‘What Change Caused this Mess?’ 8 Lessons IT Ops Must Learn from the Facebook Outage
Even though It’s 2019, enterprise IT teams are still struggling with massive outages and other performance incidents that have far-reaching impacts across multiple business aspects (let alone the bottom line).
Take for example the latest Facebook massive outage, which affected millions of people worldwide, lasted for over 14 hours and is believed to have cost Facebook tens of millions of dollars!
Blamed on a “server configuration change,” this human error not only knocked down the social media giant’s main platforms like Facebook, Instagram, and WhatsApp but has also further harmed the company in terms of credibility and reliability, as seen in endless media mentions.
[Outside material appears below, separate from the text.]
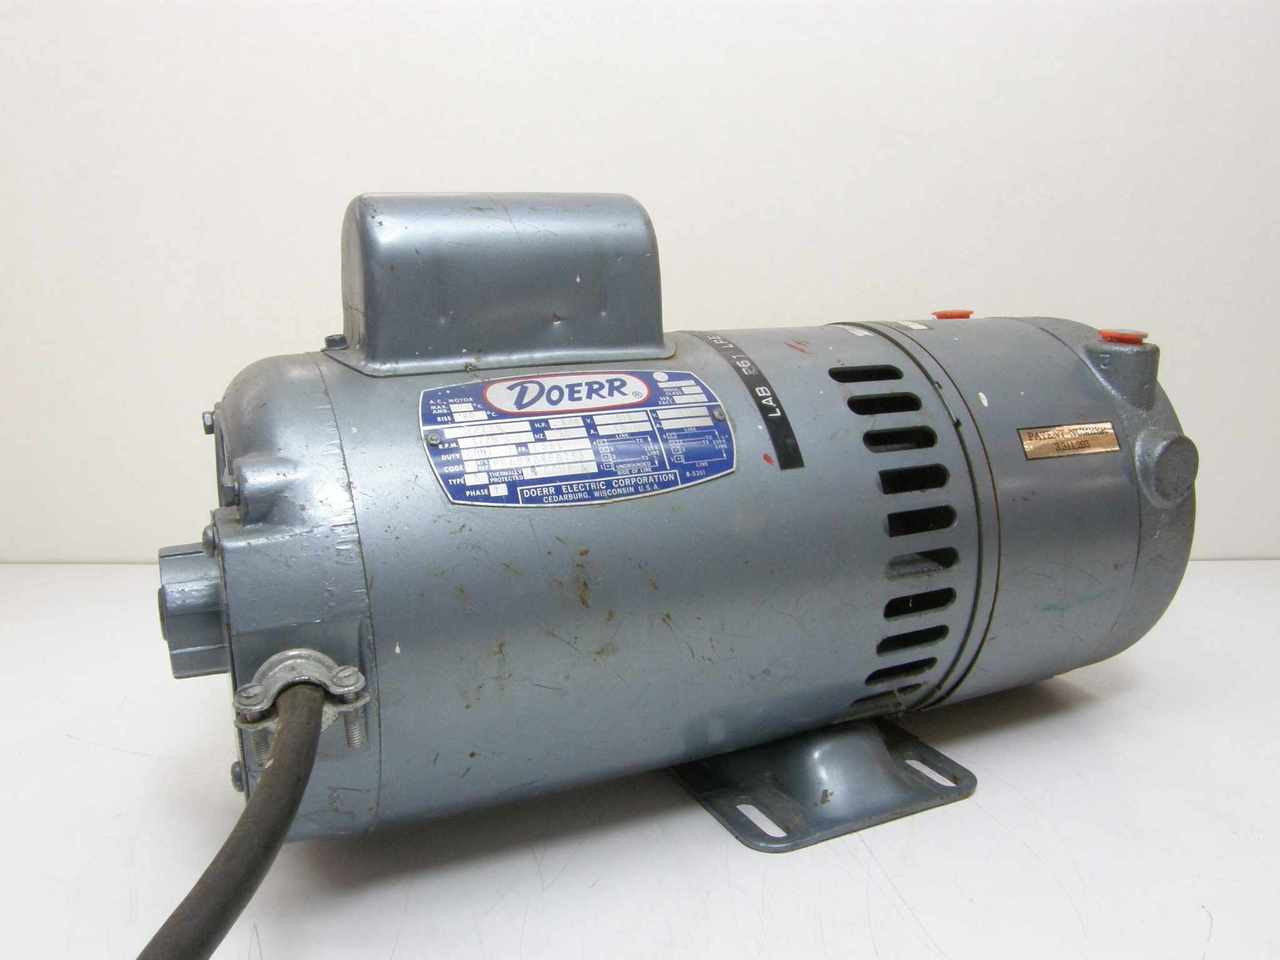 gast 1022 v103 0272x oil less vacuum pumpdoerr motor d272x 1.35__98502.1490177222?c=2 gast 1022 v103 0272x oil less vacuum pump~doerr motor d272x gast vacuum pump wiring diagrams at soozxer.org

These types of outages are considered IT and Cloud Ops’ worst nightmares, not only damaging the performance and resulting in a massive loss of revenues (ad-related revenues in the case of Facebook), but also badly impacting the reputation and credibility of the brand.
I am sharing here my list of 8 top lessons that IT Operations can learn from the recent Facebook outage:
1. It happens to the best
These types of incidents have been happening for the past 20 years, are considered very common (though painful), and the industry is still struggling with too many of them.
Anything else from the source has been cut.